Locate each line in the records containing "Solar". Copy it.

** Opening RECORDS FOR THIS EXERCISE block **

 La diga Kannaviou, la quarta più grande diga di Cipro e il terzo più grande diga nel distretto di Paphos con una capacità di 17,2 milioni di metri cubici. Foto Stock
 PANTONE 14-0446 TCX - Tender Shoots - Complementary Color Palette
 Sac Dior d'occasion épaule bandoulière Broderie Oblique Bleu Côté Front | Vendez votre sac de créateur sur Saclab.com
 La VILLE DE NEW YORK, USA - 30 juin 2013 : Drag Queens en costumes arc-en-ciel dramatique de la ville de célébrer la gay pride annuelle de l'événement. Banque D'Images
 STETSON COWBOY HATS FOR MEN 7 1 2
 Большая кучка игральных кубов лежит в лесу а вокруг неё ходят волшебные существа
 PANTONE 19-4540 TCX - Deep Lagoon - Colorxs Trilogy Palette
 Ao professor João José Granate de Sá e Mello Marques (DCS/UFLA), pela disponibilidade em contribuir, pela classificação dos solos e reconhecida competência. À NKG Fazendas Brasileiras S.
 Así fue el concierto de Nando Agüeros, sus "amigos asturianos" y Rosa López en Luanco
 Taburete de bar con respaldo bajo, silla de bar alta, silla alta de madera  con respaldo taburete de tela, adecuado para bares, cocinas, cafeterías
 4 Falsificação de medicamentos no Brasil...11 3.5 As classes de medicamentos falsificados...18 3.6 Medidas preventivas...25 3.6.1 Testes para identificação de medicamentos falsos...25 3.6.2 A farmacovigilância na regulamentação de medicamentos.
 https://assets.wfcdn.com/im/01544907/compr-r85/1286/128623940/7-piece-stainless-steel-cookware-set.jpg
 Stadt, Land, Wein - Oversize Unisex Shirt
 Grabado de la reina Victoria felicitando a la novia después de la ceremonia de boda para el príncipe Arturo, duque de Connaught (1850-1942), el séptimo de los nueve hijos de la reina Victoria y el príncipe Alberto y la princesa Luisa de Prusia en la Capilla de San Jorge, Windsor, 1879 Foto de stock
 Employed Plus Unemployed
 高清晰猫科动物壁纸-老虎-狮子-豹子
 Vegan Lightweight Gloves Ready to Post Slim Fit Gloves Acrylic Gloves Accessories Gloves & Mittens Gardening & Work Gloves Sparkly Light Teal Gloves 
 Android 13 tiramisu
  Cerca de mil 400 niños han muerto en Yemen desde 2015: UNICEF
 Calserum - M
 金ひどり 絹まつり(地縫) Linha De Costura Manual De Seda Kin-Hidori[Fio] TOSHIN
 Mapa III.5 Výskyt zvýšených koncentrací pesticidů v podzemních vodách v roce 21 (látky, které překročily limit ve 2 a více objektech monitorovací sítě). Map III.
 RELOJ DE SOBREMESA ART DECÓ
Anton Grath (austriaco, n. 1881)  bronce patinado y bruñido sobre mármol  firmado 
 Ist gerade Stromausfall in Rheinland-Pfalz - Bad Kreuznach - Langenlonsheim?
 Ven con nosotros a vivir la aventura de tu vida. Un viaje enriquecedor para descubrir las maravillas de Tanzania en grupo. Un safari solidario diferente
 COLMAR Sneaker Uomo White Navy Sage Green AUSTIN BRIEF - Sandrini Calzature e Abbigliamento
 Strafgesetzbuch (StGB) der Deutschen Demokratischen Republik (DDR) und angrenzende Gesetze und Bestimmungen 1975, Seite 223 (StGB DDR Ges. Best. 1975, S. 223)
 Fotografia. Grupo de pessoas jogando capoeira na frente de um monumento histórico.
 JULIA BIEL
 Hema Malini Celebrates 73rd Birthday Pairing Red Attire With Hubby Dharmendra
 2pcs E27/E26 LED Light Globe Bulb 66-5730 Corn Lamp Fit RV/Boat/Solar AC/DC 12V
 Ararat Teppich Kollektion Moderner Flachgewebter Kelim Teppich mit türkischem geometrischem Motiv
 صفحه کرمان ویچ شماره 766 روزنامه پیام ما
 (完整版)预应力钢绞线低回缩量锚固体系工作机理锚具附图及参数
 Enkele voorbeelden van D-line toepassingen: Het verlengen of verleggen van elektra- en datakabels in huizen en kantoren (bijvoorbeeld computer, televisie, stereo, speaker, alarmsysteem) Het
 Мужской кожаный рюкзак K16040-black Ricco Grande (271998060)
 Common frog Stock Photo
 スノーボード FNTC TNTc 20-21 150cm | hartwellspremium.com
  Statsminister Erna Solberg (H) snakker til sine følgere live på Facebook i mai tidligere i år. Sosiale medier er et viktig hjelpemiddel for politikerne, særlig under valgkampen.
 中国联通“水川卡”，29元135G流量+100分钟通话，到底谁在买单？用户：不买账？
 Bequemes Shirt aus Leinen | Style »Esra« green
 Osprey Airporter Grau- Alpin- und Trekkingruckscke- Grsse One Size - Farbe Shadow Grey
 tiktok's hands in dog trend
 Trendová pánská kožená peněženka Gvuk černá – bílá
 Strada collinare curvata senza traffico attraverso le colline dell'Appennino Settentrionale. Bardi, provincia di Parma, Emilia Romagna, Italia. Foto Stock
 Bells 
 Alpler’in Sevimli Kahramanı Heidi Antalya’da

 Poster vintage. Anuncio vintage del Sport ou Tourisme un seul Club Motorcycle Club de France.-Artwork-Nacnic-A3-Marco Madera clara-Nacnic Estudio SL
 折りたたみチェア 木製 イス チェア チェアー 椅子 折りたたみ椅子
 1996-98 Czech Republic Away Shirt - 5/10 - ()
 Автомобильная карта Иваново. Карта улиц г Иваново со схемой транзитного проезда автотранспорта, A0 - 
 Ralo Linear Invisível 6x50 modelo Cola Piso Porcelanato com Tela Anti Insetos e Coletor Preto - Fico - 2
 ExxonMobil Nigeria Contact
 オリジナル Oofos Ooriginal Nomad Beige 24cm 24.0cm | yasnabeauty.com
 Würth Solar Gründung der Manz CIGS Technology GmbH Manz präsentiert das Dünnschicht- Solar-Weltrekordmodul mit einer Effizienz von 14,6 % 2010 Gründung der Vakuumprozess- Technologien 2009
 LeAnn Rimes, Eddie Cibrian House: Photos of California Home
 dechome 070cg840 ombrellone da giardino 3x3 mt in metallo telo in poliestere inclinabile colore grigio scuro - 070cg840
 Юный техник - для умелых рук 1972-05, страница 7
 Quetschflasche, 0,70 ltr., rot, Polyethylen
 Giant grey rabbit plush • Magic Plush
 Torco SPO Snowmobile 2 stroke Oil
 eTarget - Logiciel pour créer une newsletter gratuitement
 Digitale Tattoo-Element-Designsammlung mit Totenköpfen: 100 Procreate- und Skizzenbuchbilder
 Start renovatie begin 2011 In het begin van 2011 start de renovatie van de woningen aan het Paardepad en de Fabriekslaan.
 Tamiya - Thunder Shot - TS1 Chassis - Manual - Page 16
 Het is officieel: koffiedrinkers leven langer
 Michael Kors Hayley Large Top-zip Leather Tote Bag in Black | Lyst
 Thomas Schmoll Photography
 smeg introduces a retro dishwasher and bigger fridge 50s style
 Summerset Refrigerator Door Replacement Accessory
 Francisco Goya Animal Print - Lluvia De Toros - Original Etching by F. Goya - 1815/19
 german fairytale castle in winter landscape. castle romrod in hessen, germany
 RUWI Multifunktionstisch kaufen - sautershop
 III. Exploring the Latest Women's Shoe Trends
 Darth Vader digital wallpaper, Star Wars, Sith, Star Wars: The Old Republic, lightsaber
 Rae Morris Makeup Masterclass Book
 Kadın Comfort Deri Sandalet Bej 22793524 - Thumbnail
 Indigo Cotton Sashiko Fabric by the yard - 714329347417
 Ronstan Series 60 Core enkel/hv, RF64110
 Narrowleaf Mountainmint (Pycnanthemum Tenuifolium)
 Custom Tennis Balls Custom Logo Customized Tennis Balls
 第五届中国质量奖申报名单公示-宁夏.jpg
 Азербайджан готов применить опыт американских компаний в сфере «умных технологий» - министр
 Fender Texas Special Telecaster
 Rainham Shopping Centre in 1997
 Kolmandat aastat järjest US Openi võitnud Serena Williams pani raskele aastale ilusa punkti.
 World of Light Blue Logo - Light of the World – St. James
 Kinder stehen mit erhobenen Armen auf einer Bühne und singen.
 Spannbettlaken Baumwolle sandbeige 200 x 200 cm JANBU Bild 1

** Closing RECORDS FOR THIS EXERCISE block **

RESULT FOR THIS EXERCISE
 2pcs E27/E26 LED Light Globe Bulb 66-5730 Corn Lamp Fit RV/Boat/Solar AC/DC 12V
 Würth Solar Gründung der Manz CIGS Technology GmbH Manz präsentiert das Dünnschicht- Solar-Weltrekordmodul mit einer Effizienz von 14,6 % 2010 Gründung der Vakuumprozess- Technologien 2009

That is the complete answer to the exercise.